16 January 1999 | Jim-249
Grim stiff, yes, but engrossing, absorbing, haunting.
I would line up Tristan Bauer's wonderful film with De Sica's "The Bicycle Thief", certain Dickens novels ("Hard Times", "Our Mutual Friend") and Orwell's 'documentaries' ("The Road to Wigan Pier", "Down and Out in Paris and London"), and other moving accounts of poor folk struggling for survival and dignity in a harsh world. Ramon suddenly finds himself jobless and unable to maintain his family. After this metaphorical storm, we watch him and his family descend to the point of despair in a shanty town. Late in the film, there is literally a storm, during which Ramon and his brother struggle to make a coffin for their dead father; they have to remove the doors of their house for the timber they need. Grim stiff, yes, but engrossing, absorbing, haunting.

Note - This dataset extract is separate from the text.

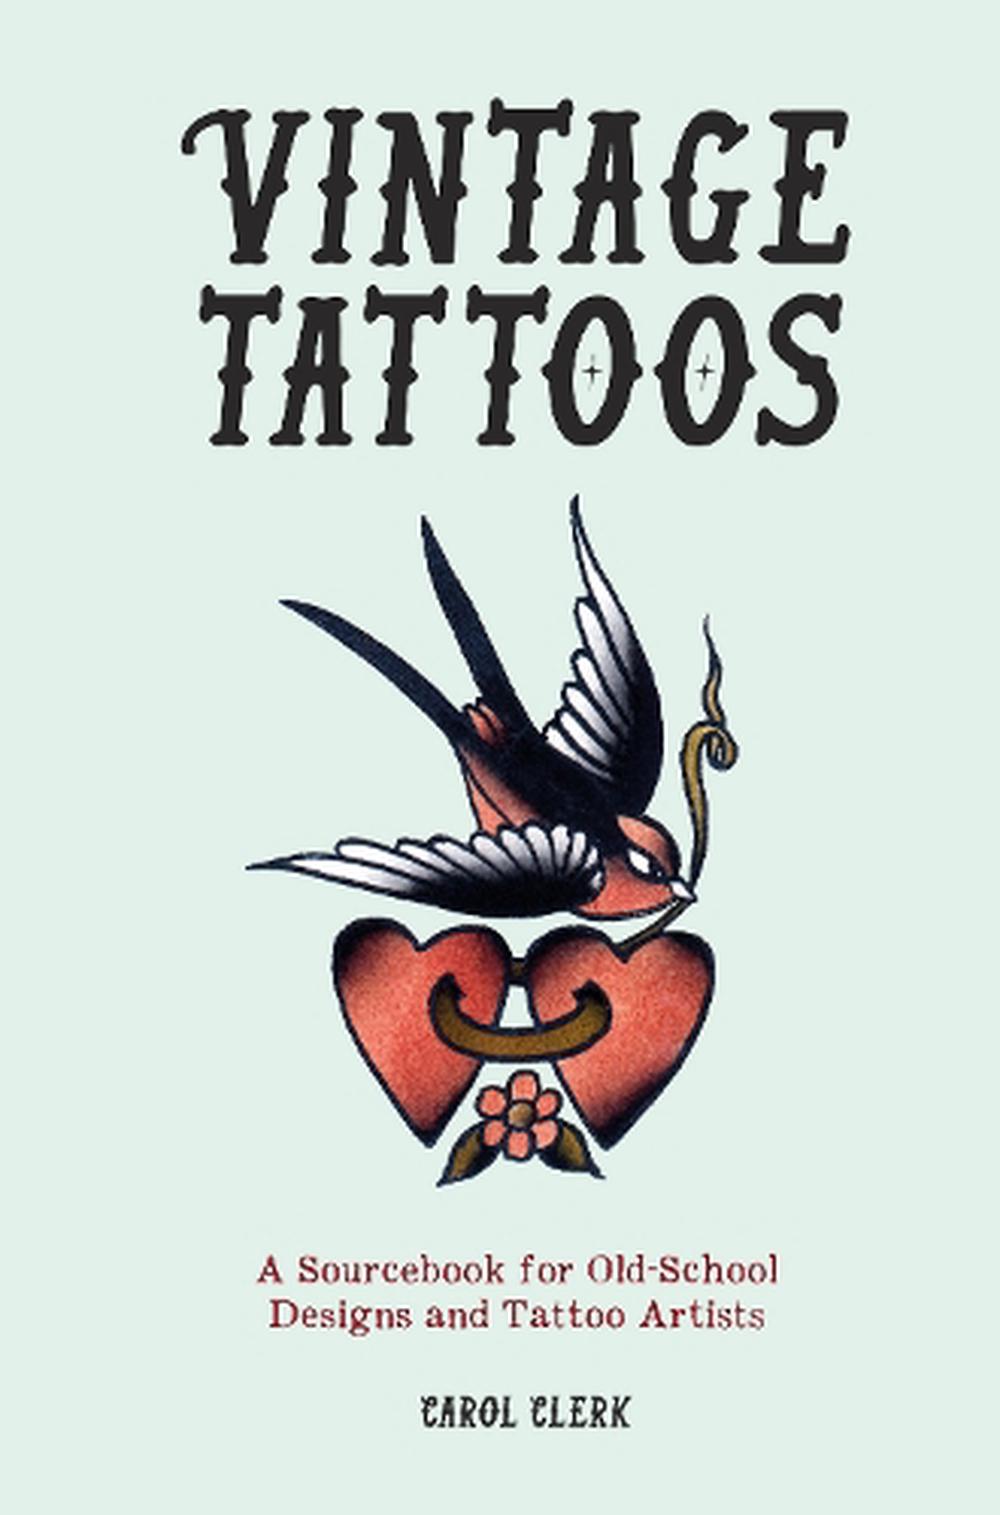 Christian Warlich Tattoo Designs - Tattoo Memorabilia

Another unforgettable image (among so many) is that of Ramon suddenly seeing his face on a security video screen; shocked by how gaunt and haggard he has become, he studies the picture, examining every line, as if trying to recognize himself - or to find the self he once knew. After that storm, Ramon returns to his wife, visits his imprisoned son. and the last scenes suggest that the struggle will be maintained, that better days may arrive as suddenly as the bad ones did. Not facile optimism - just a possibility, a hope, enough to keep them all going. Strongly recommended.